:: Task instructions ::
Please transcribe the data that follows exactly as given, leaving out every picture.

:: Information provided ::
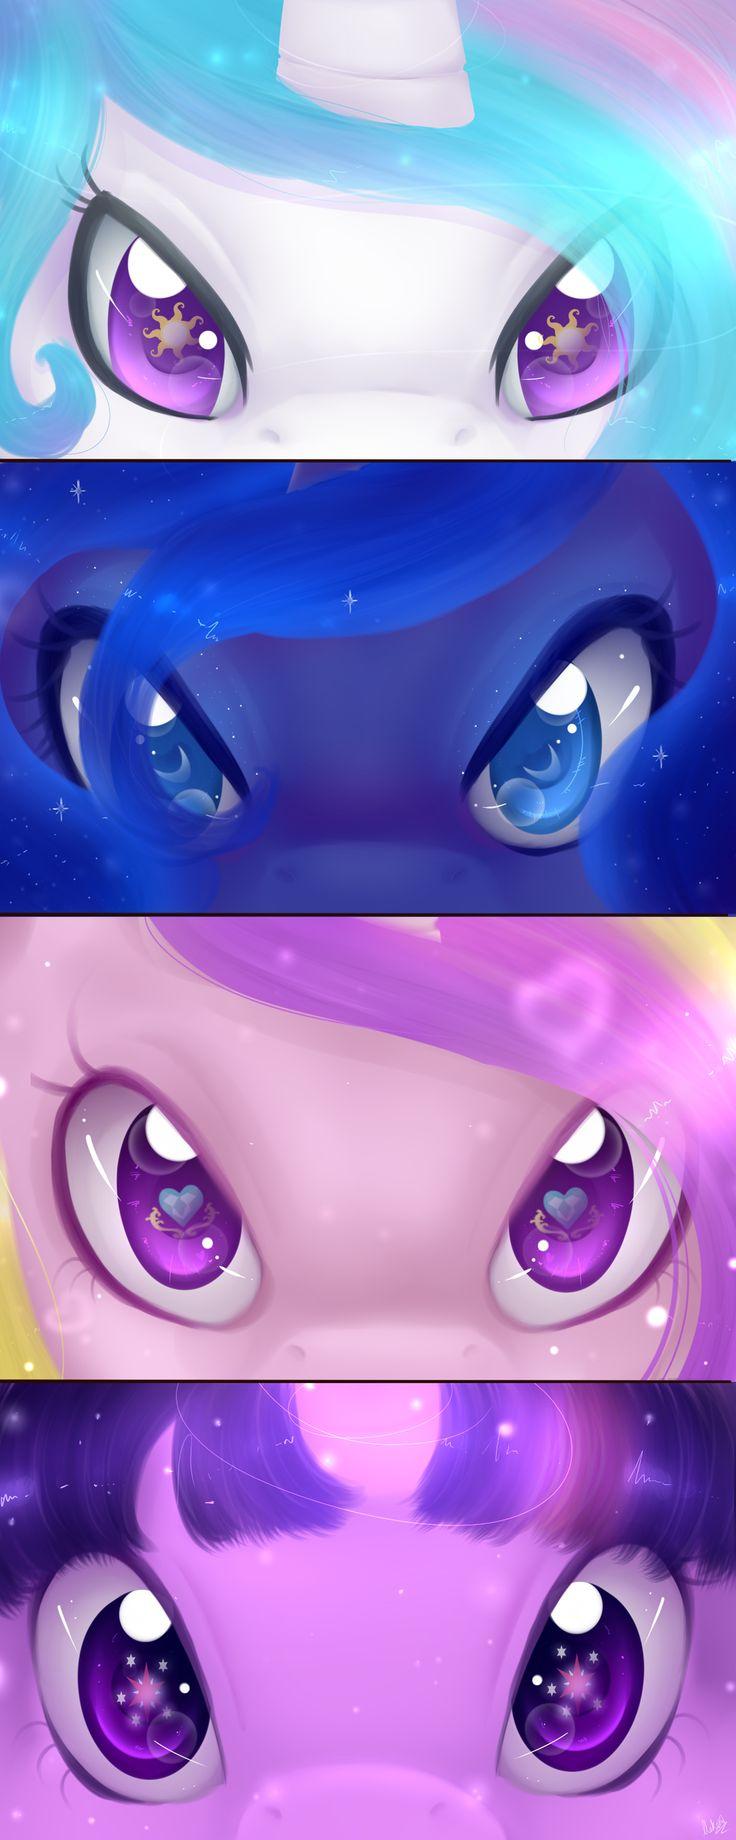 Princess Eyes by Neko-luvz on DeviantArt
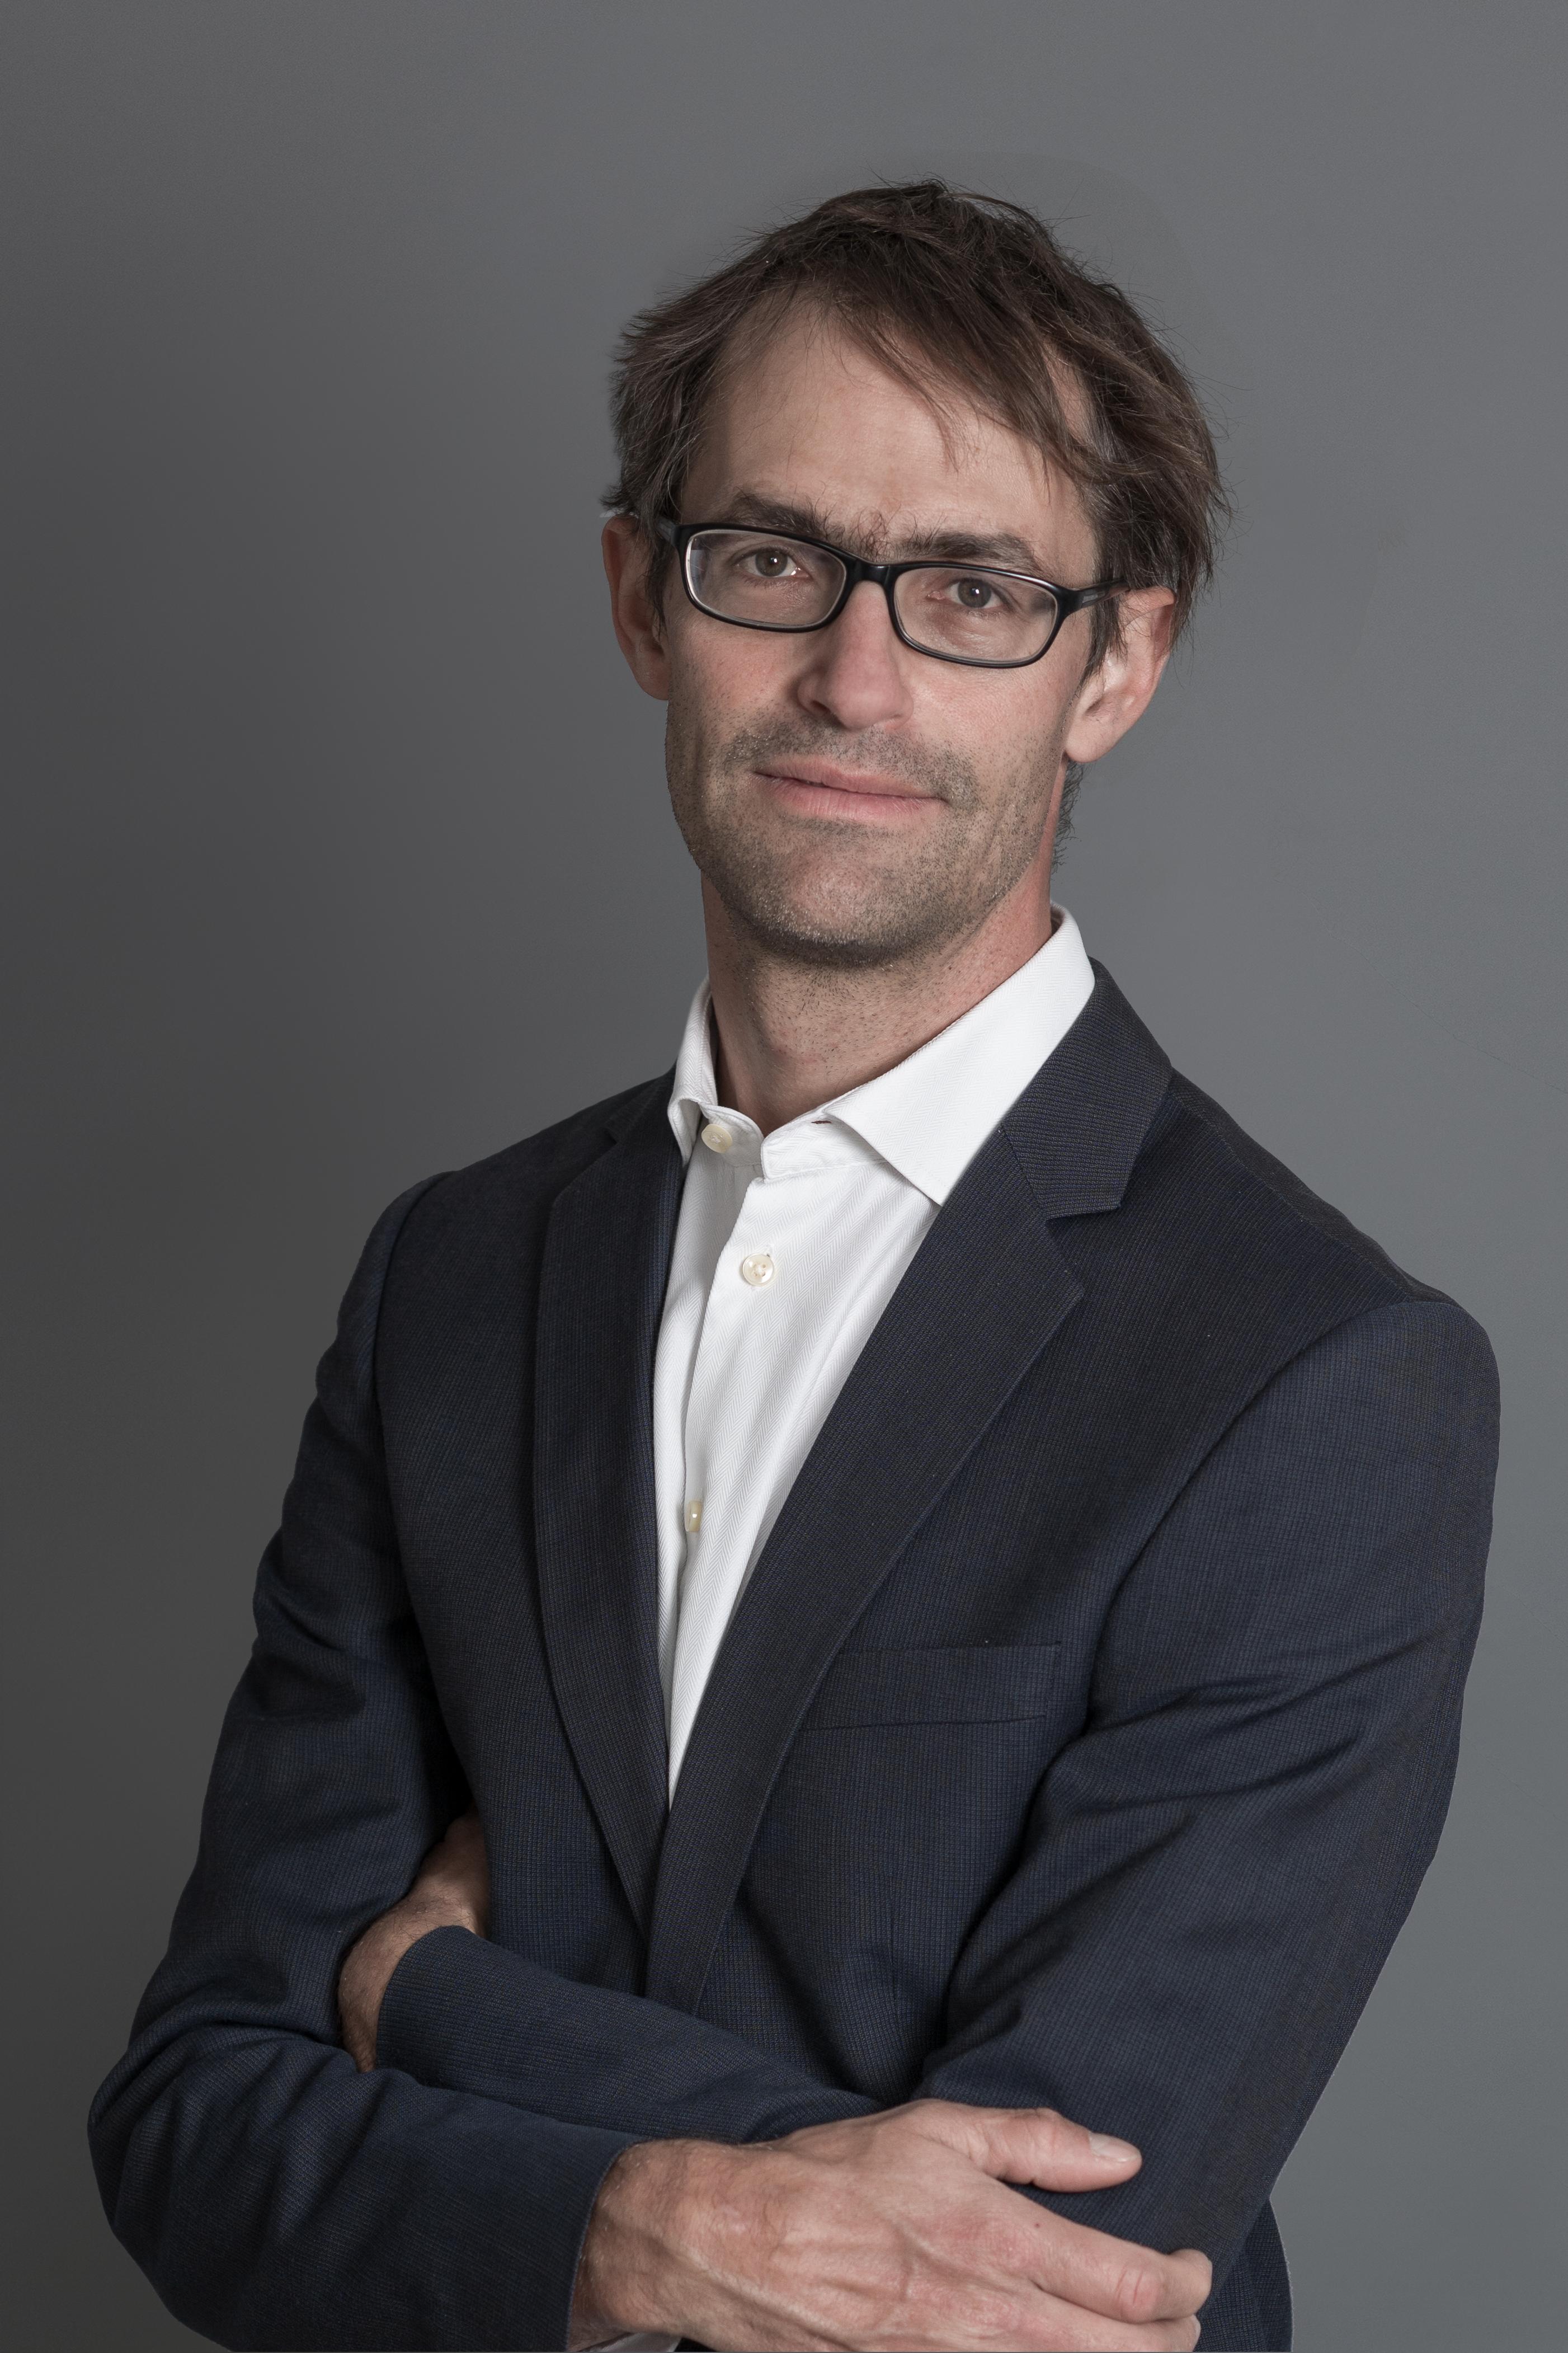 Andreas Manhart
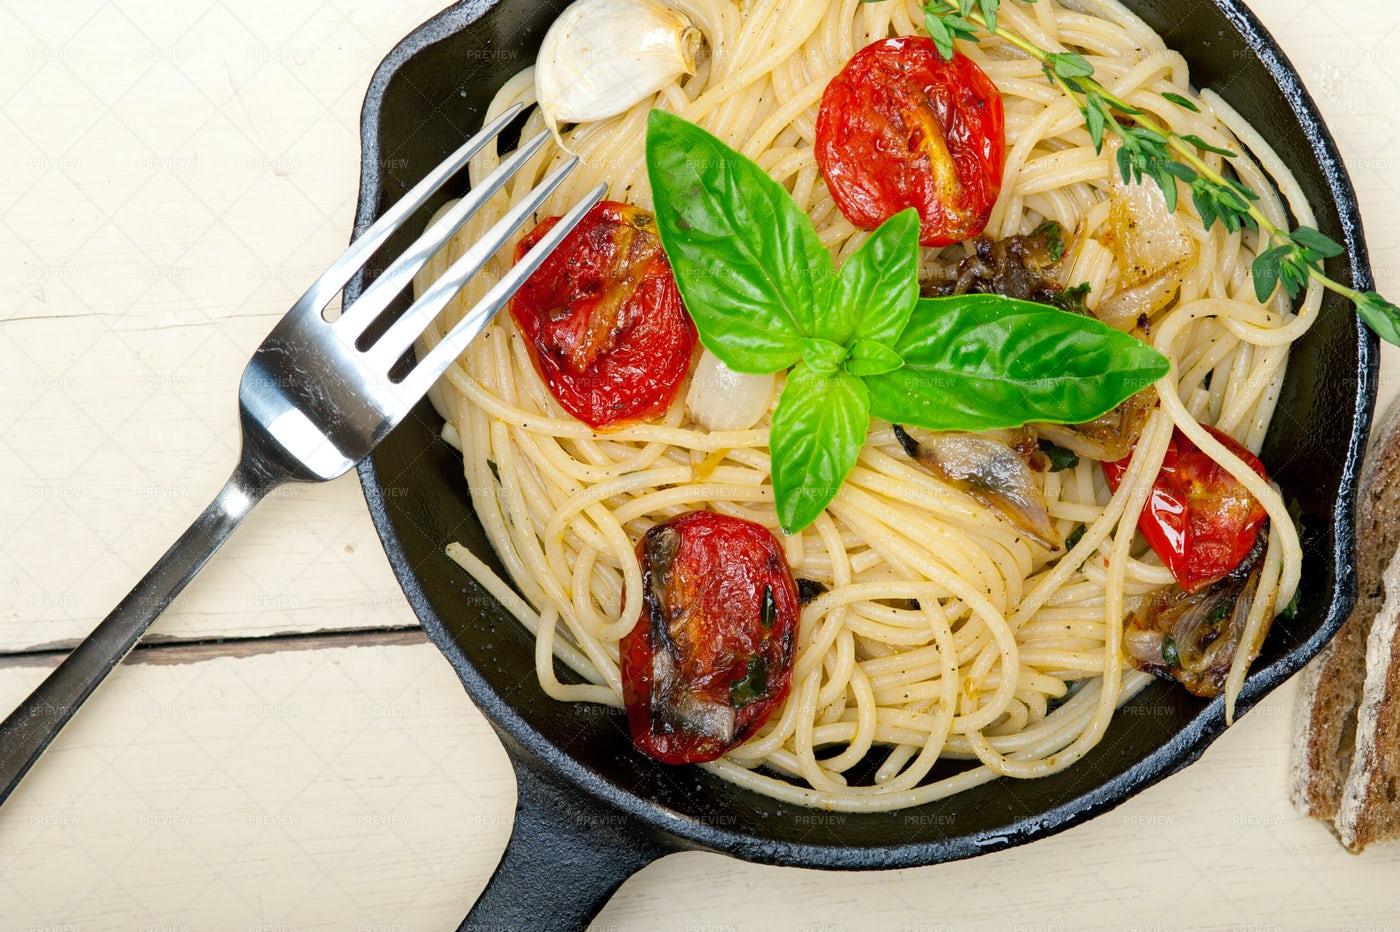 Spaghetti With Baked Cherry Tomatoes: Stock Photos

:: Written solution ::
 Princess Eyes by Neko-luvz on DeviantArt
 Andreas Manhart
 Spaghetti With Baked Cherry Tomatoes: Stock Photos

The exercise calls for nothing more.